I've done that before with 2 rock bass.


----------



## Al-Losaurus (Jul 21, 2009)

Did you play the lottery that day? lol i would have haha


----------



## Jackson (Jan 30, 2009)

Seen a guy shoot two duck with one shot it was very surprising. The dog didn't know wtf to do lol


----------



## df001 (Nov 13, 2007)

Great uncle in nfld shot his bull moose, the bullet went through and hit the cow that he couldnt see on the other side, the conservation officer said its pretty common, happens a few times each season.


----------



## Kooka (Feb 8, 2011)

LoL, I once caught a small pike on a spoon, and while reeling it in a larger pike latched onto the smaller one. Brought a whole new meaning to the term "double header".


----------



## 50seven (Feb 14, 2010)

df001 said:


> Great uncle in nfld shot his bull moose, the bullet went through and hit the cow that he couldnt see on the other side, the conservation officer said its pretty common, happens a few times each season.

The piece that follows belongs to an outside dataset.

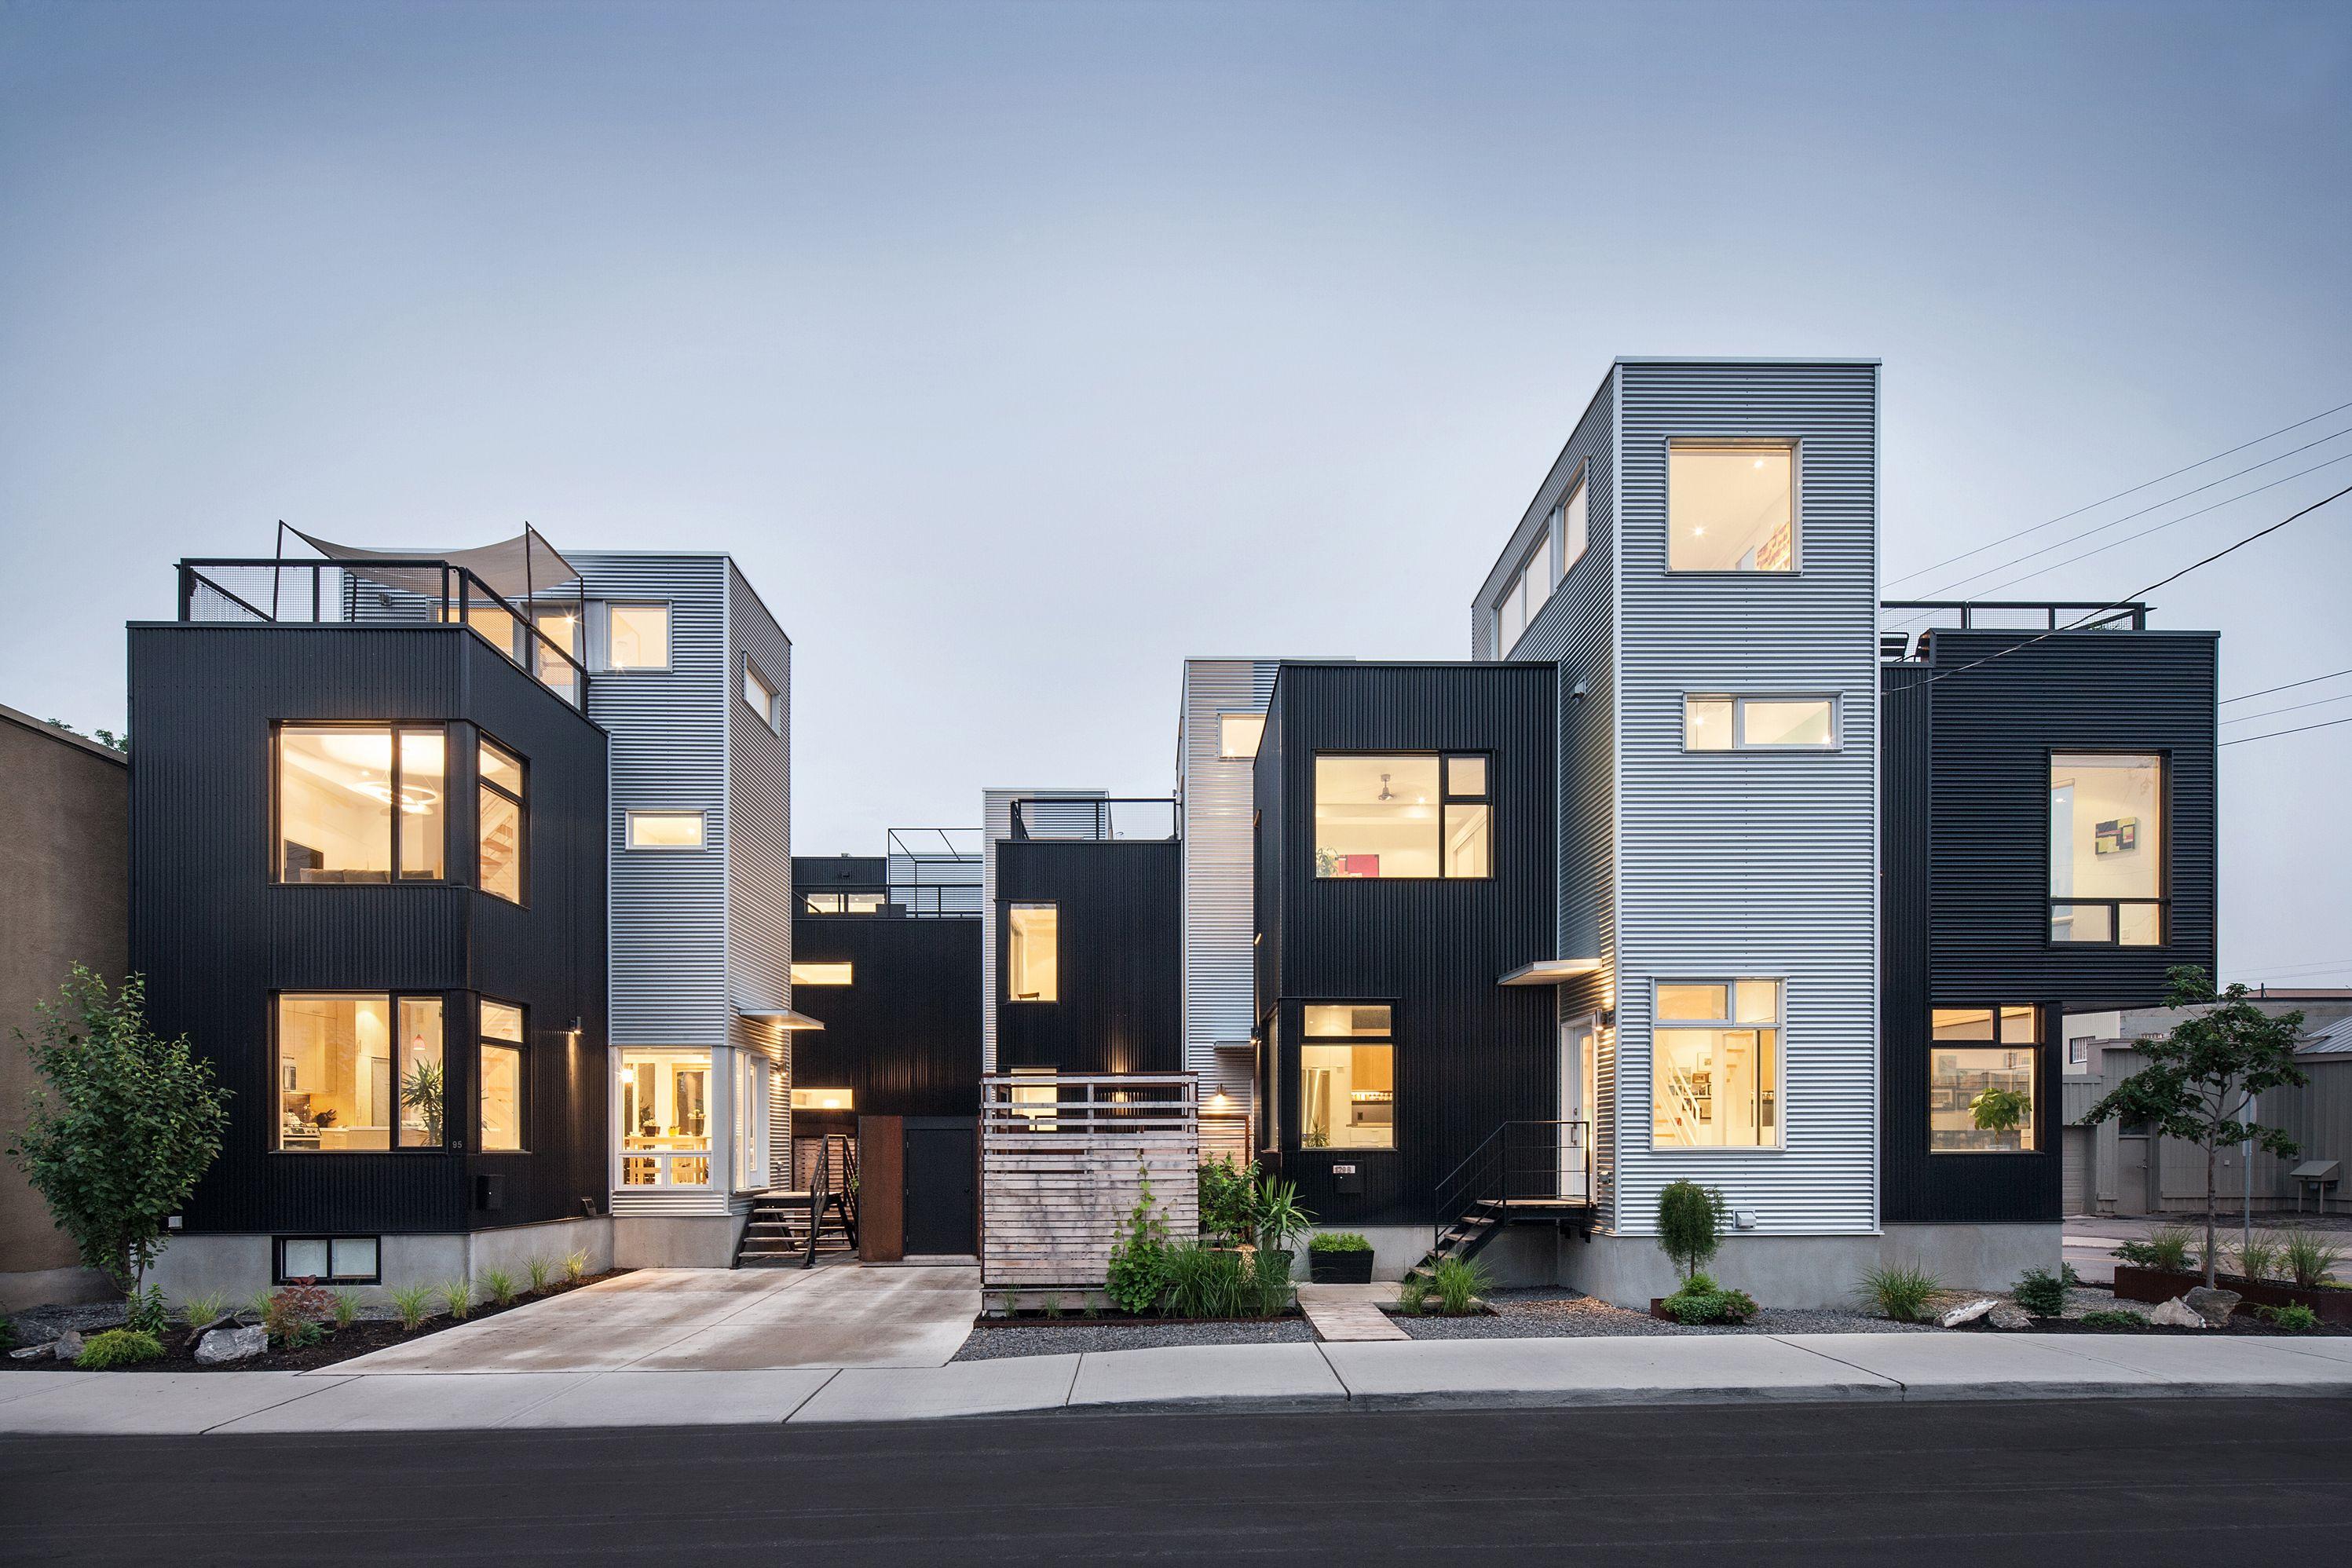 colizzabruni modern hintonburg infill metalsiding home colizzabruni modern hintonburg infill metalsiding home design modernlandscaping
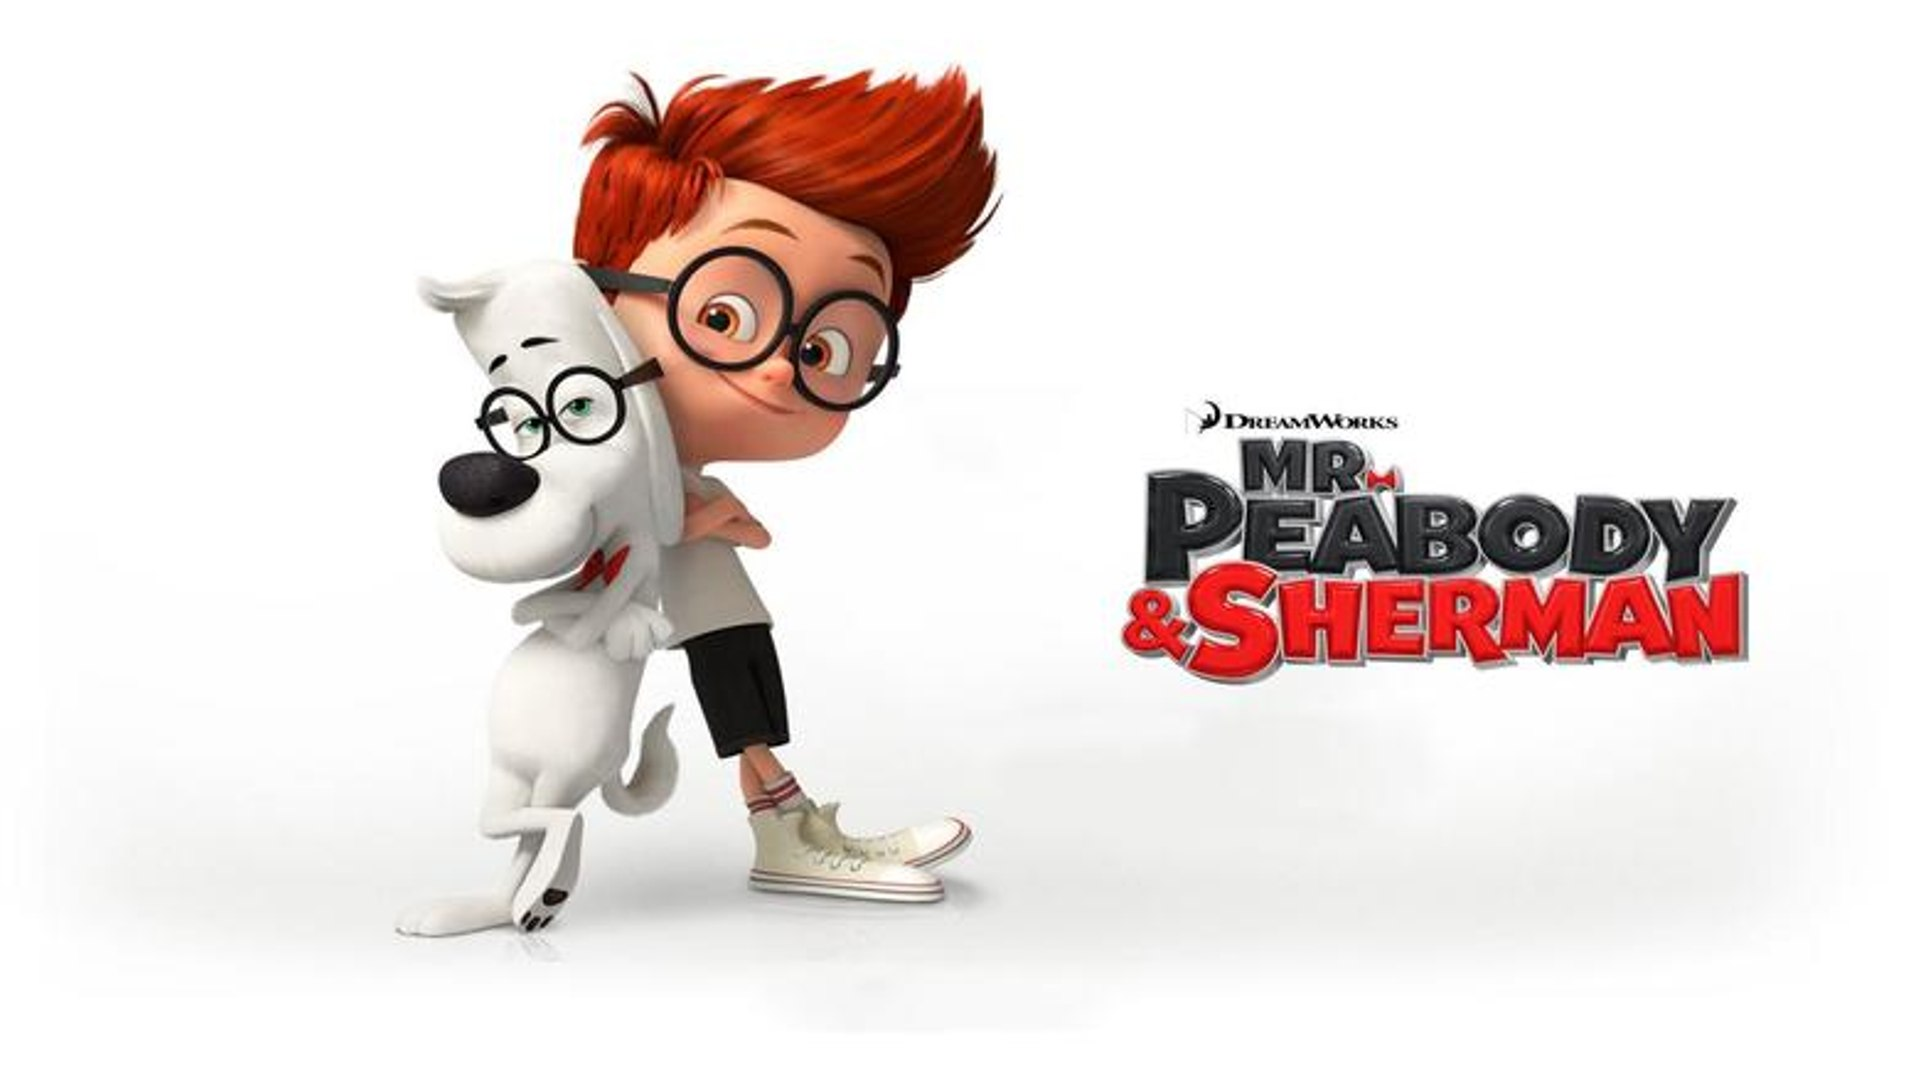 mr peabody  sherman full movie free download

Wow, at least the warden was good about it; I hear that they can be pretty hard sometimes. 

Reminds me of a story my hunting instructor told us that when he went duck hunting one day, him and his partner both bagged their limit without firing a single shot: There were other hunters in the area emptying out their massive stockpile of ammo. My instructor's dog went out and fetched everybody else's birds and brought them back to his master


----------